When the relay apparatus 1001 determines that there exists a MAC address overlapping with the source MAC address [00: 21: 33: 44: 55: 66] of the ARP request packet, in the network system 1000, the relay apparatus 1001 converts the source MAC address [00: 21: 33: 44: 55: 66] of the ARP request packet into [01: 21: 33: 44: 55: 66]. Then, the relay apparatus 1001 transmits the ARP request packet to each of the server 1005 and 1006, and the virtual servers 10071 and 10072 with [01: 21: 33: 44: 55: 66] as a source MAC address (S1211 to S1214).
Each of the virtual servers 10042, 10071 and 10072, and the servers 1005 and 1006 determines whether its own IP address is the IP address [193. 168. 1.126] included in the ARP request packet.
The virtual server 10071 determines [193. 168. 1.126] is the IP address of the virtual server 10071 itself, and returns an ARP reply packet to the virtual server 10041 via the relay apparatuses 1003, 1002, and 1001 (S1215).
The ARP reply packet transmitted by the virtual server 10071 includes the source MAC address [00: 21: 33: 44: 55: 66] and the destination MAC address [01: 21: 33: 44: 55: 66]. Upon receipt of the ARP reply packet, the relay apparatus 1001 converts the source MAC address [00: 21: 33: 44: 55: 66] into [00: 21: 33: 44: 55: 60], and converts the destination MAC address from [01: 21: 33: 44: 55: 66] into [00: 21: 33: 44: 55: 66]. Then, the relay apparatus 1001 transmits the ARP reply packet to the virtual server 10041 (S1216).

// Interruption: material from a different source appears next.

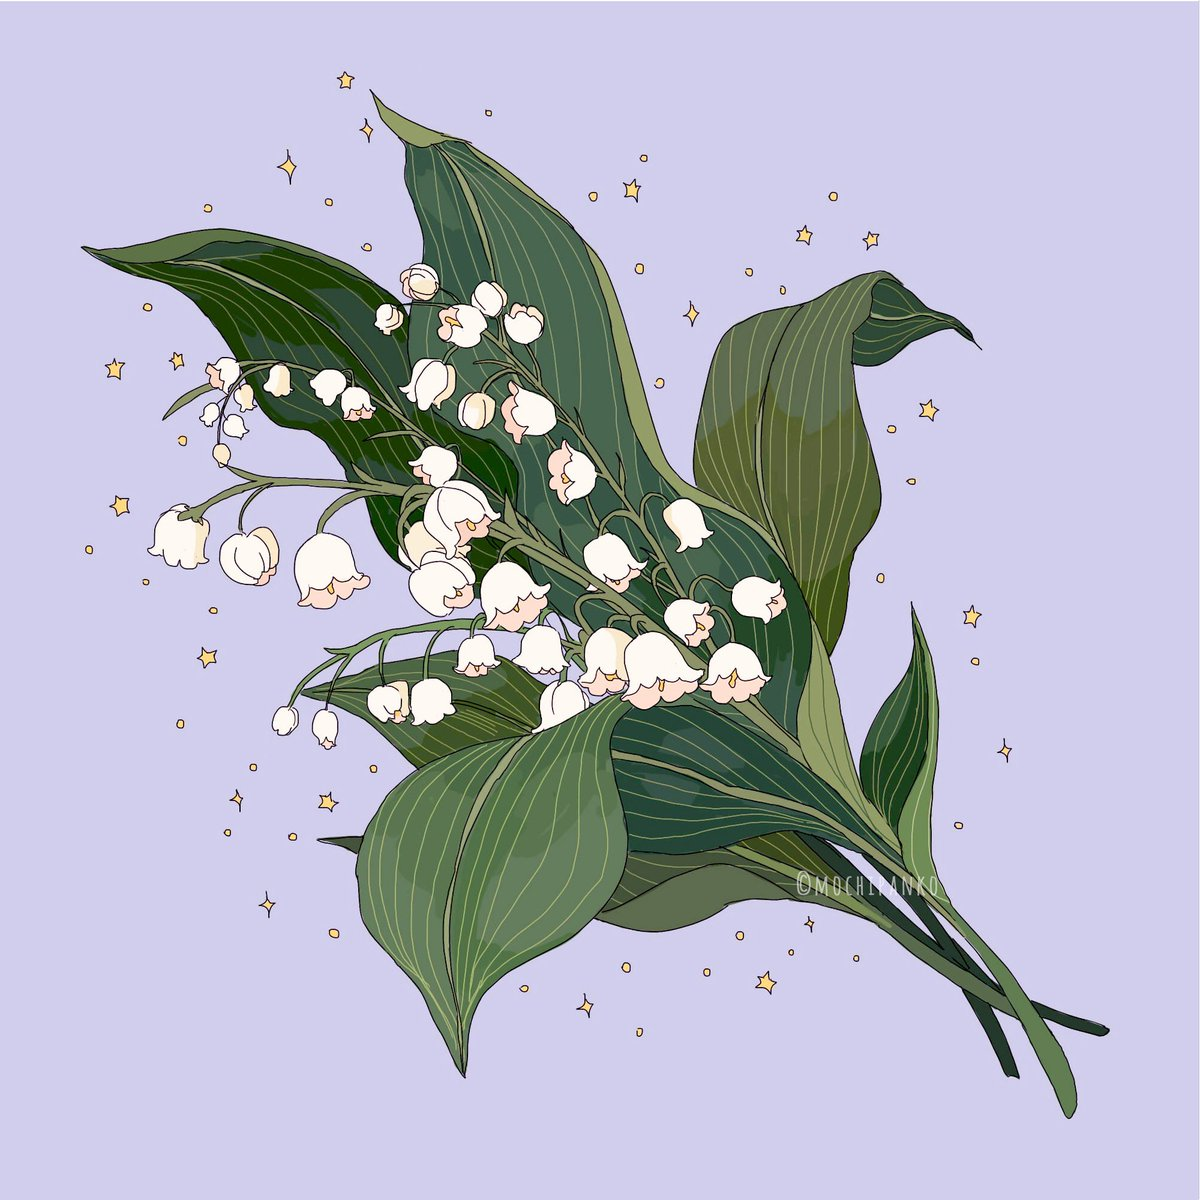 Liya on twitter r e f l o r e s c e r e flower zine liya on twitter r e f l o r e s c e r e flower zine flower set no 5 white egret orchid habenaria radiata lily of the valley convallaria izmirmasajfo

The virtual server 10041 acquires the MAC address [00: 21: 33: 44: 55: 60] of the virtual server 10071, and records the MAC address [00: 21: 33: 44: 55: 60] of the virtual server 10071 in the ARP table 1600 to thereby update it. The virtual server 10041 transmits a packet to the virtual server 10071 with [00: 21: 33: 44: 55: 66] as a source address, and with [00: 21: 33: 44: 55: 60] as a destination MAC address (S1217). The relay apparatus 1001 converts the source address from [00: 21: 33: 44: 55: 66] into [01: 21: 33: 44: 55: 66], and converts the destination MAC address from [00: 21: 33: 44: 55: 60] into [00: 21: 33: 44: 55: 66], to thereby transmit a packet to the virtual server 10071 (S1218). The virtual server 10071 transmits a packet to the virtual server 10041 with [00: 21: 33: 44: 55: 66] as a source address and with [01: 21: 33: 44: 55: 66] as a destination MAC address (S1219). The relay apparatus 1001 converts the source address from [00: 21: 33: 44: 55: 66] into [00: 21: 33: 44: 55: 60], and converts the destination MAC address from [00: 21: 33: 44: 55: 66] into [00: 21: 33: 44: 55: 60], to thereby transmit a packet to the virtual server 10041 (S1220).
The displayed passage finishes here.